И все-таки было бы непростительным заблуждением думать, что такие жестокие душевные встряски делали погоду в музыкальной бурсе. Напротив, они были скорее исключением, чем правилом. Старый опытный кормчий, Зверев искал совсем иных путей к сердцу своих «зверят». Так называемые «распеканции» он проводил обычно, не повышая голоса, обязательно в кабинете и при закрытых дверях. Но боялись их мальчики, пожалуй, больше, чем редких открытых вспышек зверевского гнева.
Когда, покончив с завтраком, Николай Сергеевич не спеша складывал салфетку и ронял как бы невзначай одному из мальчиков: «Зайди ко мне!», у обреченного был очень несчастный вид. В кабинете его вежливо просили сесть в огромное допотопное кресло, которое Звереву завещал, наверно, какой-то великан.
Зверев садился за столом напротив, а за его спиной во всю стену красовалась многоярусная портретная галерея отцов и патриархов музыки. Они не были безучастными наблюдателями. От их лица Зверев и вел беседу, которую непокорный Леля называл про себя «вытягиваньем совести».
Толстый и важный Бах, Гендель, Глюк, мрачный Бетховен и печальный, саркастичный Мендельсон глядели на виновного с высоты уничтожающим взглядом. Их окружали веером совсем неприметные, но весьма ехидные старички в париках и буклях. Один только Моцарт с душевным сочувствием поглядывал на несчастливца: «Ах ты, бедняга!»
«Бедняга» ерзал в жестком неудобном кожаном кресле и испытывал не страх, а горький стыд. А Звереву только того и было нужно.
Так жила бурса день за днем, от понедельника до субботы. «Воскресенье — день отдохновения от трудов», — гласила надпись, выведенная в регламенте твердым и четким почерком через всю строку.
Николай Сергеевич, вышедший к завтраку в байковом халате, был совершенно неузнаваем. Его глаза лукаво улыбались.
«Хитрит!» — решил Сергей, глядя недоверчиво исподлобья.
Но добродушие Зверева было не наигранное. Он полагал естественным и полезным раз в неделю, в воскресенье, отпустить вожжи совсем, во всех мелочах, чтобы еще крепче подтянуть их в понедельник.
Сразу же после завтрака начинались звонки в прихожей. Приходили консерваторские товарищи, кадет Саша Скрябин, реже — застенчивый Федя Кенеман и почти каждый раз — Соля Самуэльсон. Мальчики играли в четыре, в шесть и в восемь рук, играли как хотели и что хотели, для своего удовольствия, не боясь упреков и замечаний.
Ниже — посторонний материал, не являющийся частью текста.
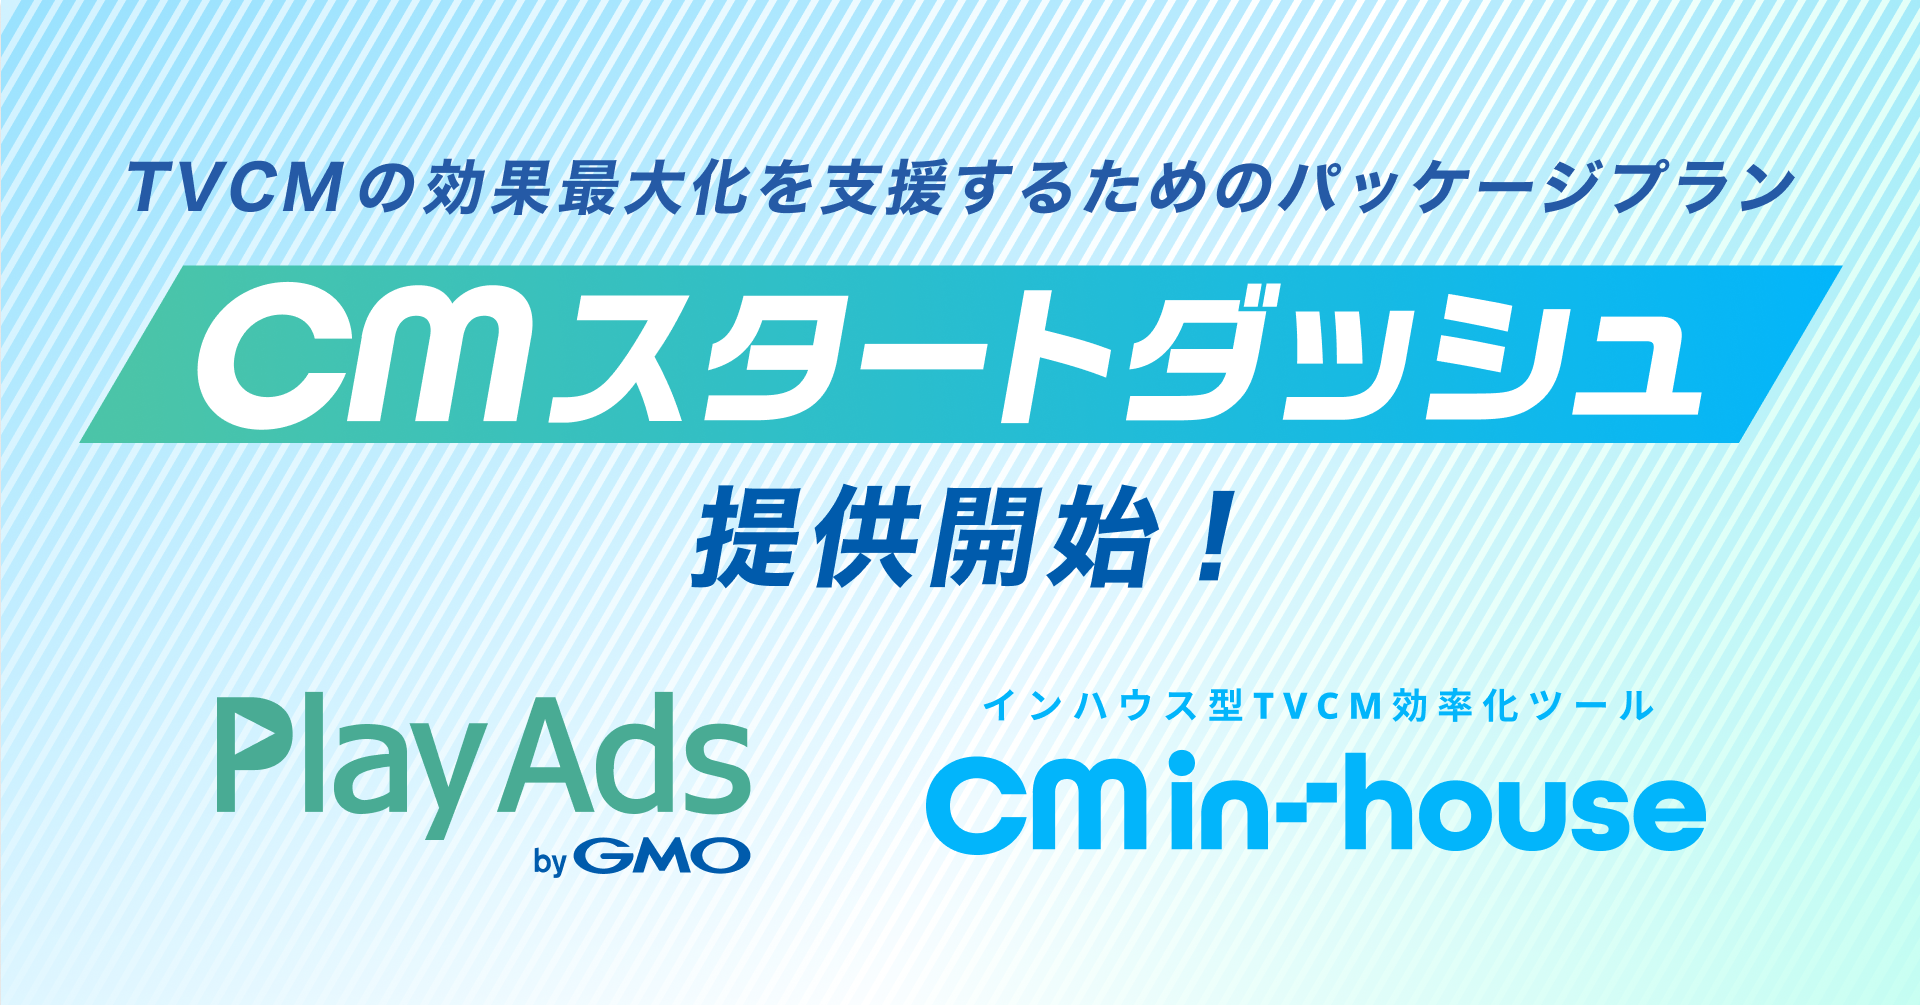 特許取得済みCM動画検証ツール「PlayAds(プレイアズ) byGMO」と日本初インハウス型TVCMツール「CM in(イン)-(－)house(ハウス)」がTVCMの効果を最大化するためのパッケージプラン『CMスタートダッシュ』提供開始！

Мало того, когда они играли при гостях Зверева, случалось и «смазать» порой. Но ни тени неудовольствия или раздражения не было на лице у Николая Сергеевича. Напротив, он захваливал их так, что музыкантов порой бросало в краску.
И само собой получалось, что нужно было играть как можно лучше.
Не проходило воскресенья без званых завтраков и обедов.
Артисты и художники, адвокаты и меценаты платили дань хлебосольству Зверева. Но чаще всего, разумеется, музыканты.
Танеев, Аренский, Пабст, Эрмансдорфер были в числе гостей постоянных. Зилоти же, когда он приезжал, вовсе за гостя не считали. До женитьбы он всегда останавливался у Зверева. Расспрашивая про Сергея, Александр Ильич слышал одни похвалы, не подозревая о пощечинах, которые тоже доставались на долю героя.
Он заставлял Сережу играть и сам охотно садился за рояль.
В концерте Зилоти в Москве, когда в финале «Пештского карнавала» взволнованная публика начала подниматься со своих мест, чтобы убедиться, что играет один человек, а не целый оркестр, Сергей понял, что не случайно Франц Лист присвоил его кузену полушутливое прозвище «Зилотис-симус».
Превзойти эту игру казалось невозможным.
Но…
В декабре 1885 года на сотое представление «Демона» в Москву приехал Антон Рубинштейн. Еще накануне по классам и коридорам разнесся слух, что Танеев, как директор консерватории, просил Рубинштейна оказать консерватории честь, прослушав камерный концерт самых одаренных. Жребий пал на двух девушек-вокалисток и двух пианистов — Левина и Рахманинова.